Material for the task =
——————————
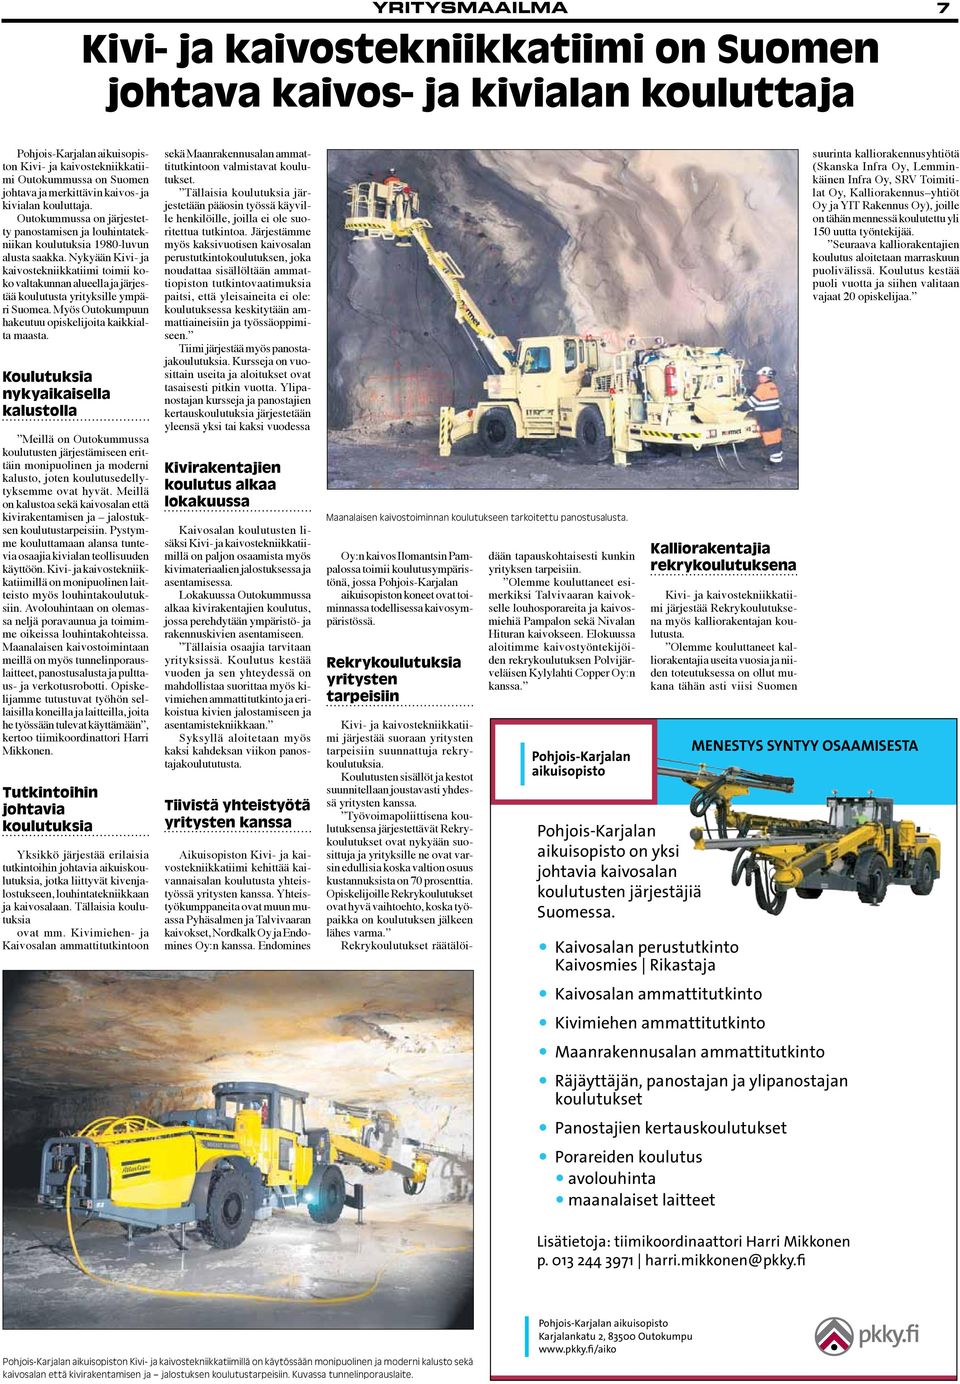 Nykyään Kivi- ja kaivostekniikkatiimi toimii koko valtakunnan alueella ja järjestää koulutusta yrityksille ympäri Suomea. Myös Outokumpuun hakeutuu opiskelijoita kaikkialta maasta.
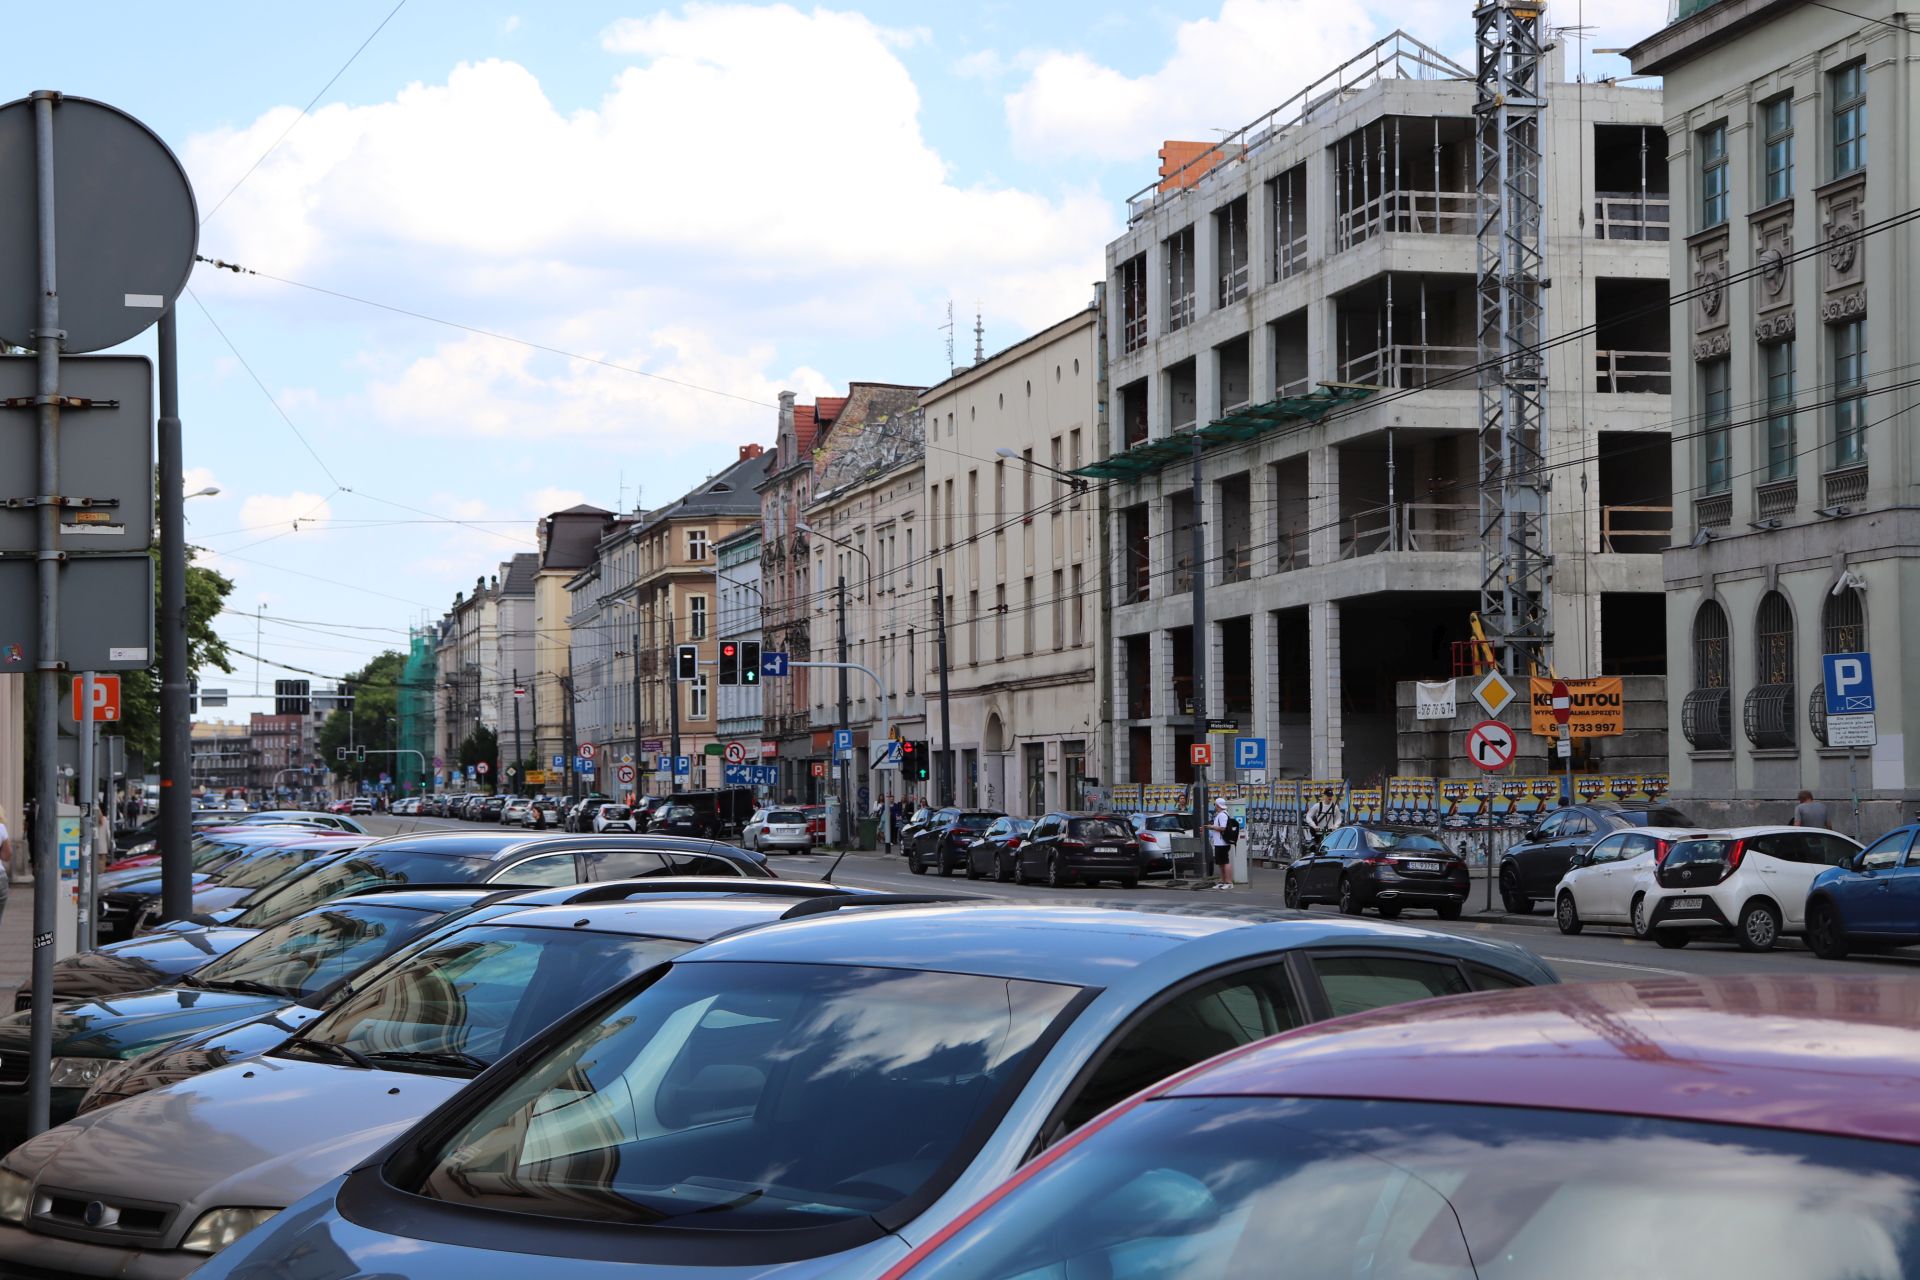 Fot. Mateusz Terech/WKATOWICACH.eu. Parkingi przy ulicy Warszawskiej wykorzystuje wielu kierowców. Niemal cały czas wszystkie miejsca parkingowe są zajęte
——————————
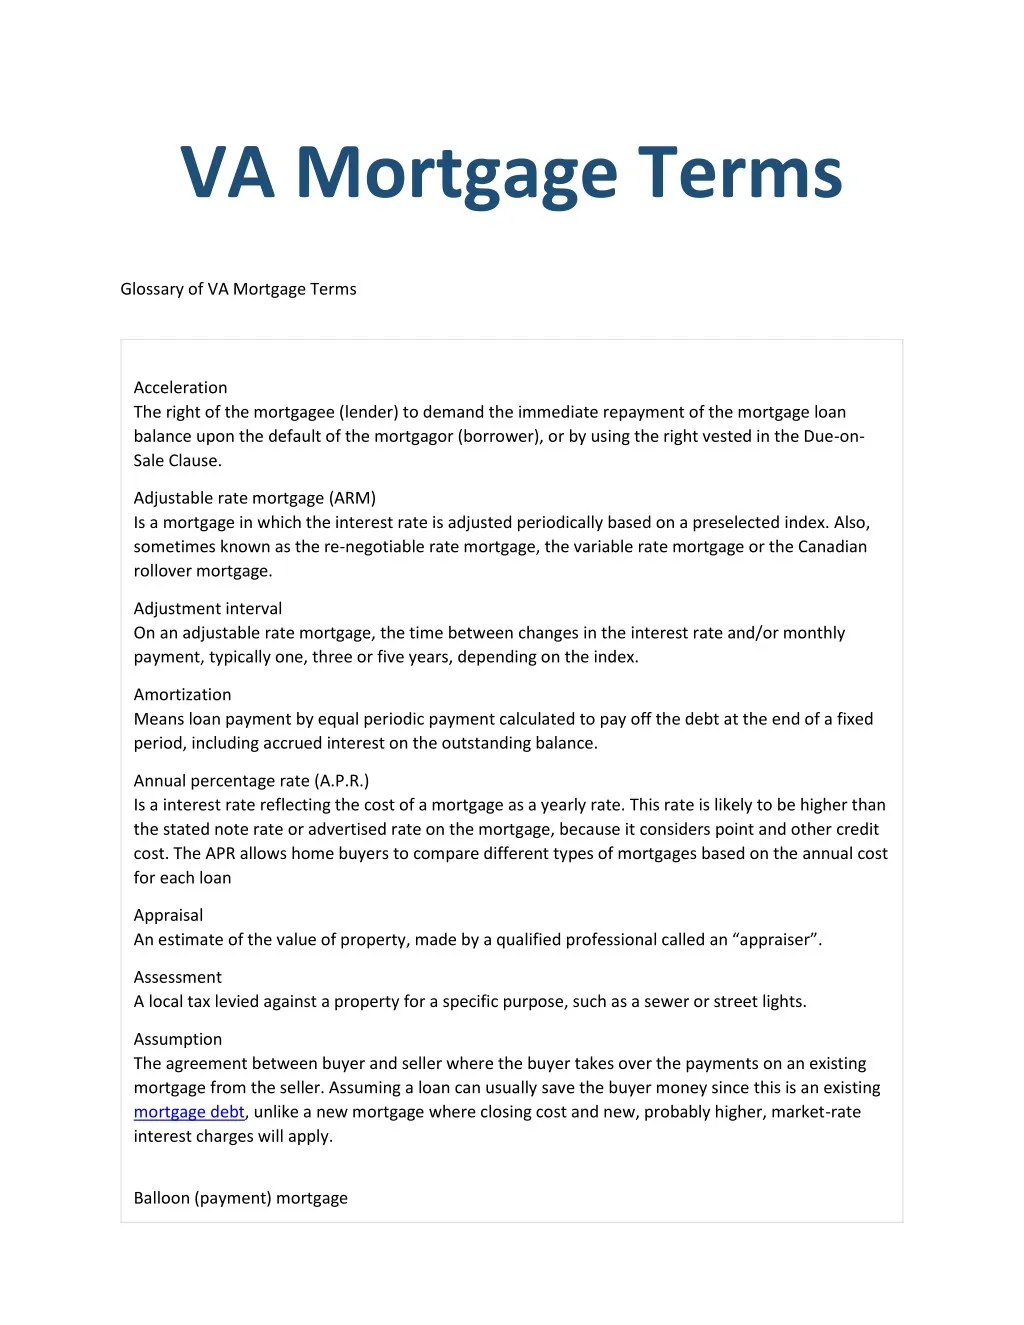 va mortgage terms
——————————
Directions for this task =
Above, find the line with "Nykyään Kivi- ja"; copy it and every line down to the line with "Fot. Mateusz Terech/WKATOWICACH.eu.", exactly and both included, but no pictures.

Task response =
 Nykyään Kivi- ja kaivostekniikkatiimi toimii koko valtakunnan alueella ja järjestää koulutusta yrityksille ympäri Suomea. Myös Outokumpuun hakeutuu opiskelijoita kaikkialta maasta.
 Fot. Mateusz Terech/WKATOWICACH.eu. Parkingi przy ulicy Warszawskiej wykorzystuje wielu kierowców. Niemal cały czas wszystkie miejsca parkingowe są zajęte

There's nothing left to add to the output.